= Gate check bag =

Gate check bags are travel bags specially designed for the transportation and storage of car seats and strollers or pushchairs. Generally used for airline travel, they also provide protection from dust when in storage for the occasional user. When used for airline travel the strollers and car seats are placed in gate check bags at the departure gate before boarding. The bags protect strollers and car seats from dirt whilst in the loading or cargo bay as well as from elements such as rain or snow if left on the tarmac.

Strollers and car seats can be checked without a bag, but airline companies do not assume any liability for damage so it is advised to use a special bag. Passengers have to make sure that the gate check tag is visibly displayed on the bag if they need their stroller or car seat returned at the gate upon arrival. Gate check bags for strollers and car seats are usually made of strong and light fabric, such as ballistic nylon that is waterproof and offers protection from the weather on the tarmac.

==Types==
1. Universal stroller and car seat travel bags: lightweight and economical travel bags designed to fit most strollers and car seats. Universal stroller and car seats travel bags are usually made of light, waterproof materials and they can be carried to the gate in a normal carry-on baggage. They can be found in three large categories:

- Car seat travel bag – keeps any car seats safe, secure, and free from dirt
- Single stroller travel bag – designed to fit most umbrella style strollers
- Double stroller travel bag – offers protection for most jogging strollers, double strollers, and travel systems

2. Custom stroller and car seat travel bags: designed to fit a particular stroller or car seat model. They are made of different materials, depending on the manufacturer, and they are usually padded, which makes them heavier and harder to carry. Custom travel bags are also more expensive than universal travel bags.

==Airline policies==

Delta checks strollers and car seats for free either at the curbside, at the ticket counter or at the gate.

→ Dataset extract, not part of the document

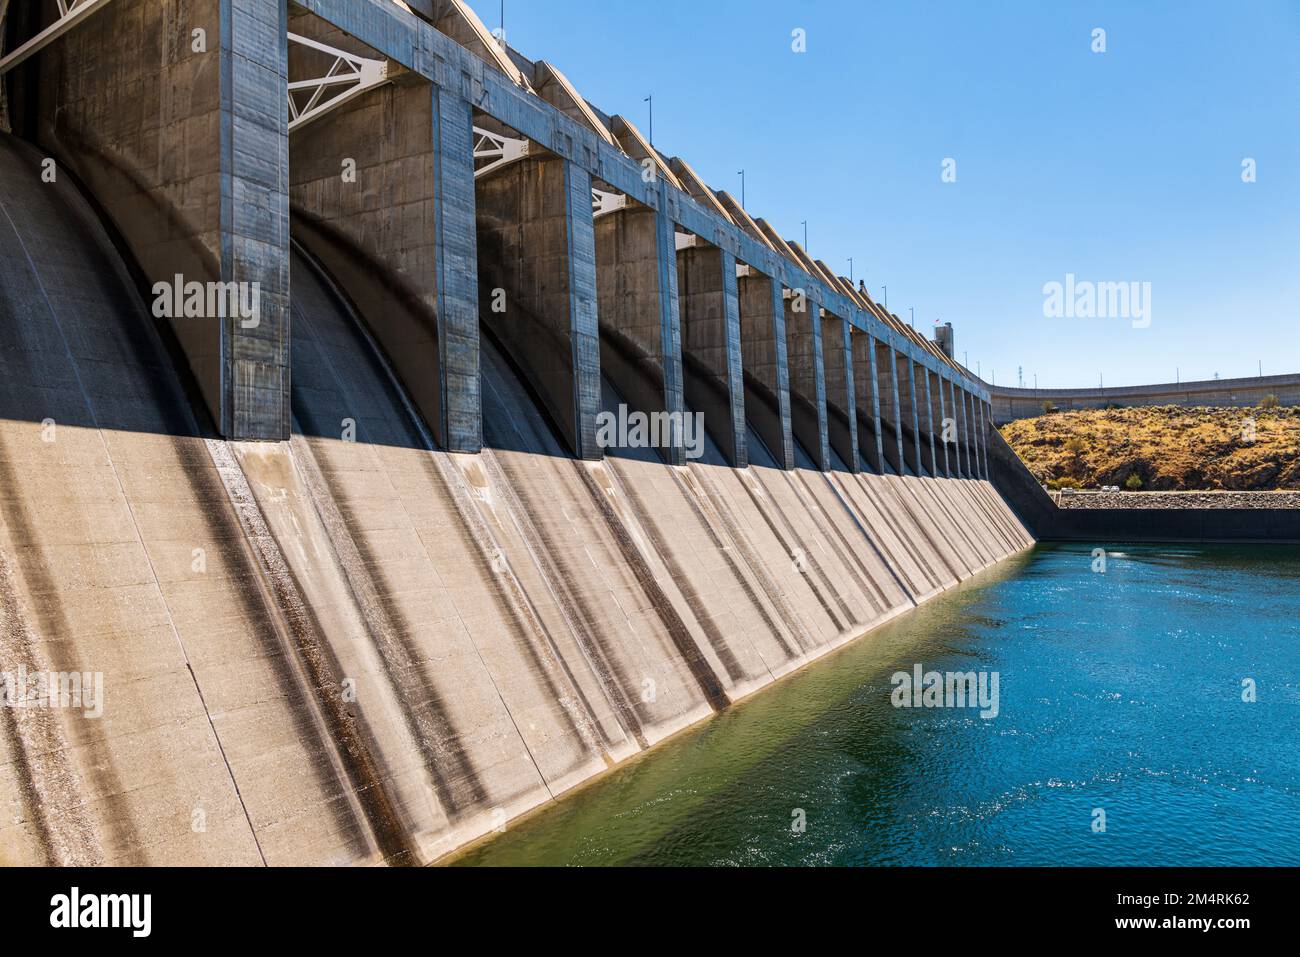 Diga del Capo Joseph; secondo produttore più grande di potere negli Stati Uniti; diga idroelettrica sul fiume di Columbia; stato di Washington; Stati Uniti Foto Stock
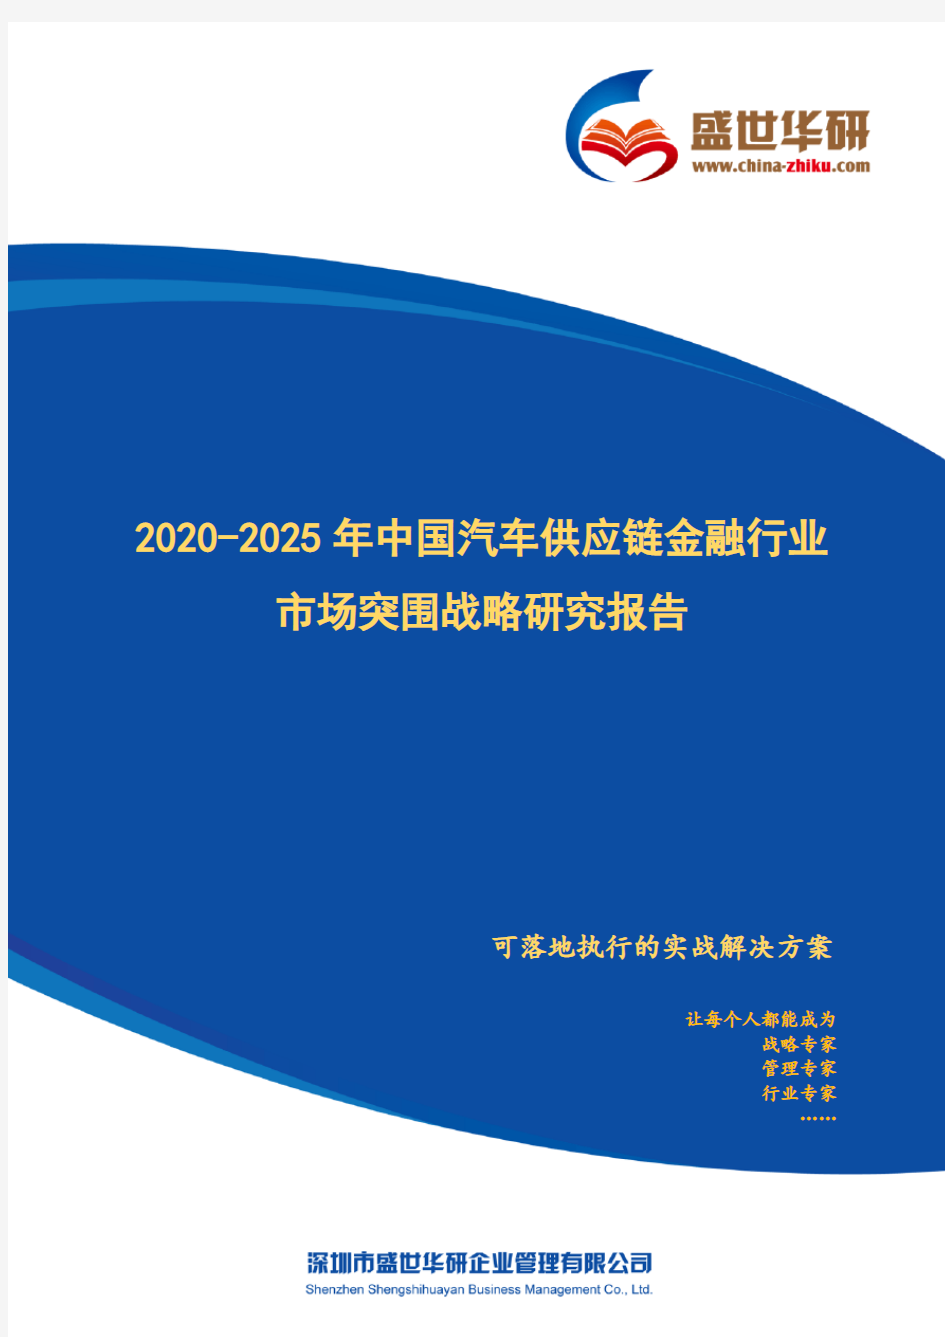 【完整版】2020-2025年中国汽车供应链金融行业市场突围策略研究报告

United Airlines checks strollers without a fee. No strollers are allowed as carry-on baggage and only small, collapsible strollers can be checked at the gate. Upon request, the stroller can be delivered to the aircraft door at the connecting city or destination. The company does not assume any responsibility for any damage that might occur to strollers or car seat that are not checked at the check-in counter packed in a box.

American Airlines allows one stroller and one car seat per ticketed passenger. However, only small, collapsible strollers up to 20 lbs/9 kg can be checked at the gate. Strollers that are non-collapsible or heavier than 20 lbs/9 kg must be checked at the ticket counter.

Southwest Airlines gives customers traveling with children the chance to free check in any type of stroller and CRS or car seat either at the curb, at the ticket counter or at the gate. The company does not assume any liability for damage to strollers, CRSs or car seats.

Air Canada recommends the use of small collapsible umbrella type strollers with a collapsed diameter of maximum diameter of 25.5 cm (10 in) and maximum length of 92 cm (36 in) for free gate checking. Large strollers can only be checked in and will count as one piece of baggage. A car seat can be checked in for free.

British Airways allows free gate checking of one car seat and one fully collapsible stroller with maximum dimensions of 117 cm x 38 cm x 38 cm / 46 in x 15 in x 15 in.

KLM allows one completely collapsible stroller for each child. If the stroller will not fit under the seat or in the overhead baggage compartment it can be checked in at no extra charge. A stroller travel bag may be used if it does not contain any other items. The same policy applies for children car seats.